A sham. A circus. A farce. The Big Lie. It all describes the Fed.
Buy gold coin and silver specimen. CaLL their bluff.
"specific, credible threat on anniversary of 9/11"
Another false flag attack? O's poll numbers really suck. I am really cynical today for some reason.
BTW, great bog post, Ilene, as usual....
Therefore this week's number is worse than last year, worse than the average of the past 5 years, and worse than the past 4 years since the depression began in terms of the increase in new claims since the previous week.
And will continue on this trajectory as long as the Fed and Government try to "fix" everything.
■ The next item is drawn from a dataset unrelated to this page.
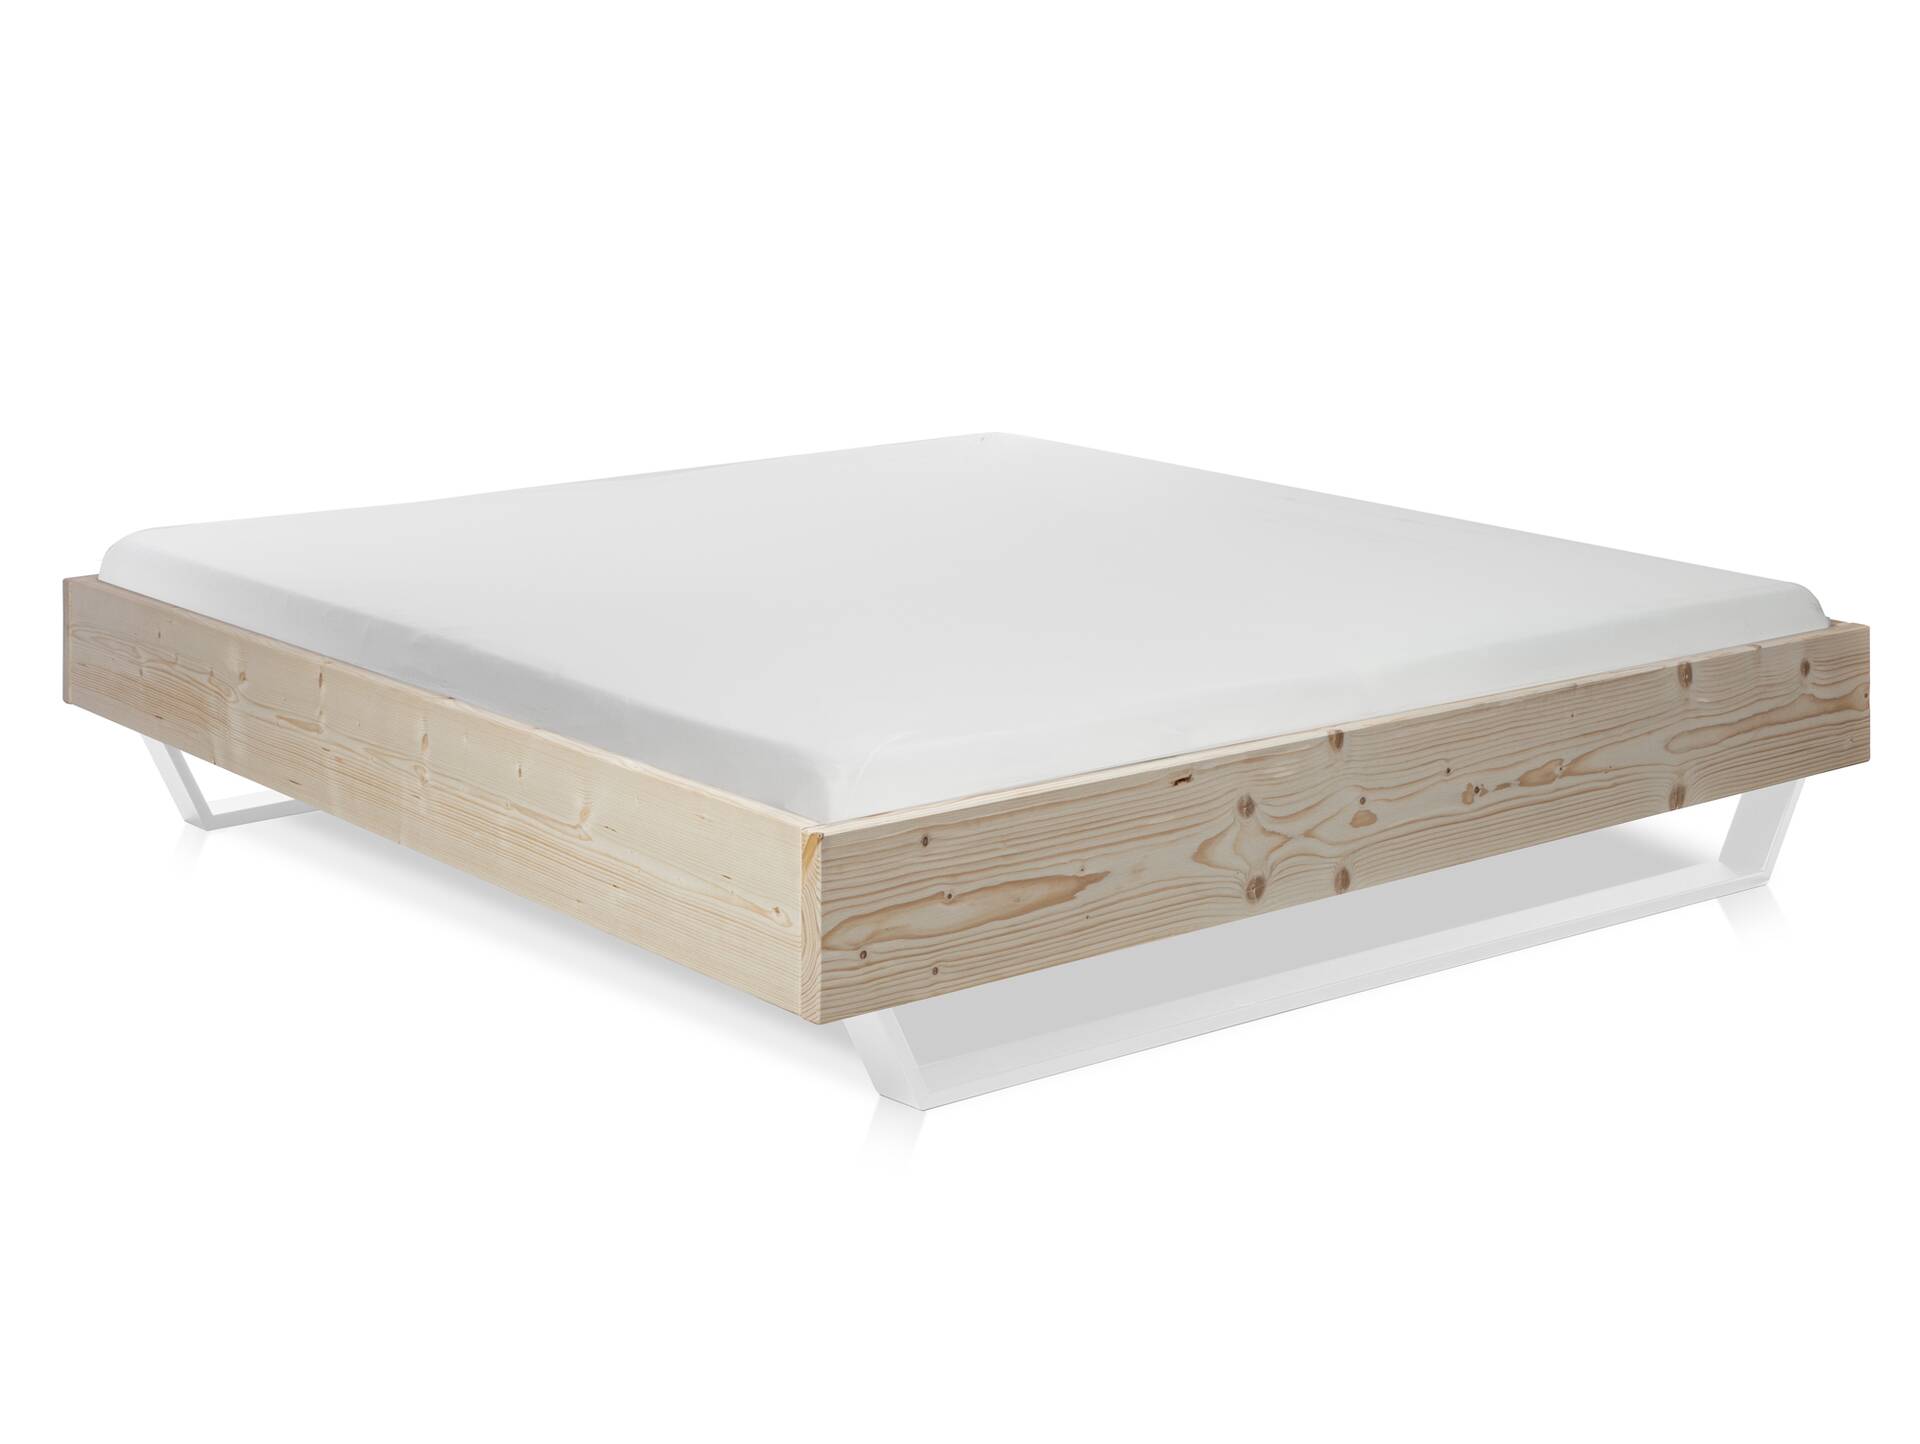 LUKY Kufenbett, Material Massivholz, Fichte massiv, Kufen weiß, mit/ohne Kopfteil 90 x 200 cm | natur | ohne Kopfteil

More monetization leading to higher unemployment therefore requiring even more monetization which will lead to even higher unemployment which will then require..........I think we get the pattern.
To further break it down:
debt deflation thanks to trillions of dollars of worthless credit derivatives, and ever-increasing unemployment due to endless jobs offshoring, importation of scab workers, human trafficking, etc.
And since July of 1999, ZERO net new jobs creation --- and still in net job LOSS when comparing the wages and hours of old jobs loss against the ever decreasing new jobs created.......
Add in the hundreds of thousands (millions) whose unemployment ran out in the past year or two because they were laid off in 2008-2009 and it is a lot worse than reported numbers.
Too bad they don't have statistics for kids living in parents basements or vice-versa, or group houses and room rentals.
All you have to do is talk to people and listen. Been to your local food bank lately? Hmmm...
We are in a DEPRESSION. If it weren't for Food Stamps, WIC, Welfare, a large number in the military, and Credit Cards there would be riots and soup lines a la' 1934.
We are there, masked by selling out the savers, retirees, taxpayers, and the next credit bubble of reverse mortgages, equity lines expiring, and everyone cashing out their retirement to survive today.
"masked by selling out the savers, retirees, taxpayers,"
Don't forget the little children.
What we need is to give the PPT a few days off and let the market tank 20% to seal the deal and give the next policy action solid support and a good launch.
That's because it seem to be on the lead horse galloping down hill.
has anybody noticed the absence of the once popular term, particularly when regarding unemployment, "lagging indicator"?
"Lagging indicator" LOL to the max...
Outstanding point --- evidently those phony econs belonging to the Bretton Woods Committee (brettonwoods.org) and/or on the Fed's payroll (all those consulting contracts they award to go-along faux econs) apparently ain't doing the trick.